Autor: Johannes Paul II - Wojtyla, Karol Józef

Buch: Enzyklika Veritatis splendor

Titel: Johannes Paul II., Evangelium vitae

Stichwort: Angriff auf das Leben 2 (vielfältige Faktoren); Euthanasie, unheilbare Kranke, Leid als Übel; Prometheushaltung des Menschen; Bevölkerungswachstum als Alptraum der Mächtigen


Kurzinhalt: Aber es wird nicht versäumt, dem kulturellen Gesamthorizont auch eine Art Prometheushaltung des Menschen einzuprägen, der sich derart der Illusion hingibt, Herr über Leben und Tod werden zu können, daß er über sie entscheidet, während er

Textausschnitt: 15. Nicht minder schwerwiegende Bedrohungen kommen auch auf die unheilbar Kranken und auf die Sterbenden in einem Sozial- und Kulturgefüge zu, das bei einer sich immer schwieriger gestaltenden Auseinandersetzung mit dem Leiden und seinem Ertragen die Versuchung verstärkt, das Problem des Leidens dadurch zu lösen, daß man es an der Wurzel ausreibt und den Tod in dem Augenblick vorwegnimmt, den man selbst für den geeignetsten hält. (Fs)

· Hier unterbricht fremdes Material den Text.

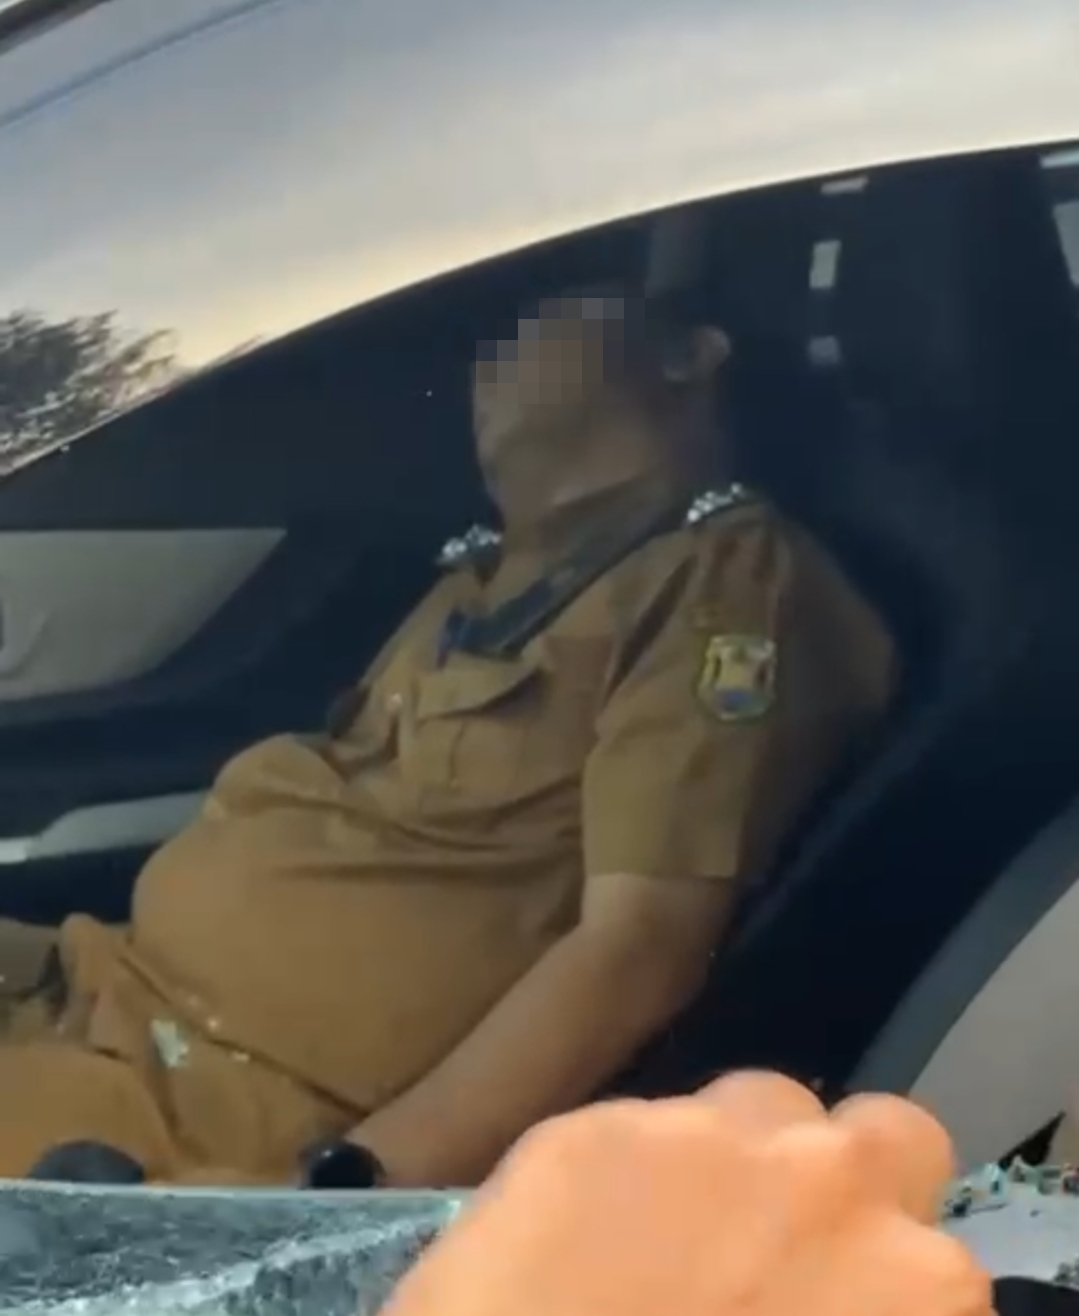 Viral! VIdeo Pejabat Dispenda Bandar Lampung Ditemukan Tewas di Mobil, Diduga Karena Ini
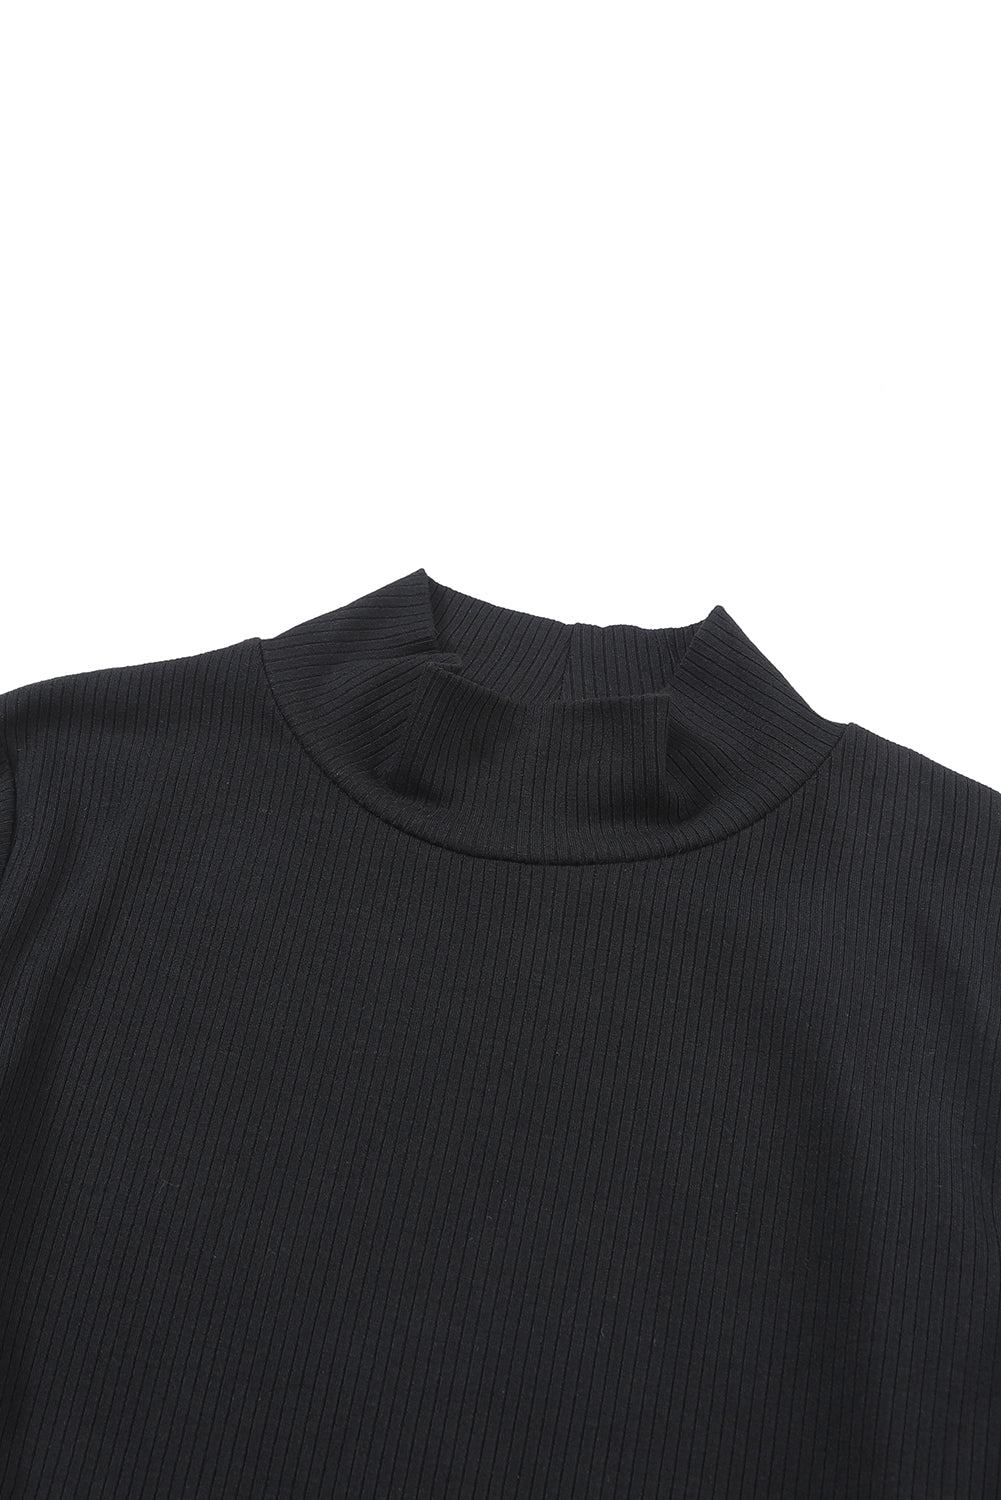 Crna rebrasta pletena majica s dugim rukavima s visokim ovratnikom

In diese Entscheidung fließen oft verschiedene Elemente ein, die leider diesem schrecklichen Ausgang zustreben. Entscheidend mag beim Kranken Angstgefühl sowie das Gespür von Verbitterung, ja Verzweiflung sein, hervorgerufen durch die Erfahrung eines intensiven und langen Schmerzes. Dies stellt das manchmal ohnehin schon ins Wanken geratene Gleichgewicht des persönlichen und familiären Lebens auf eine harte Probe, so daß der Kranke einerseits trotz der immer wirksamer werdenden Mittel medizinischer und sozialer Assistenz Gefahr läuft, sich von der eigenen Gebrechlichkeit erdrückt zu fühlen; andererseits kann bei denen, die ihm liebevoll verbunden sind, ein Gefühl verständlichen, wenn auch mißverstandenen Mitleids wirksam sein. Dies alles wird von einem kulturellen Umfeld verschlimmert, das im Leid keinerlei Bedeutung oder Wert sieht; im Gegenteil, es betrachtet das Leid als das Übel schlechthin, das es um jeden Preis auszumerzen gilt; diese Haltung tritt vor allem dann ein, wenn man keine religiöse Einstellung hat, die helfen kann, das Geheimnis des Schmerzes positiv zu deuten. (Fs) (notabene)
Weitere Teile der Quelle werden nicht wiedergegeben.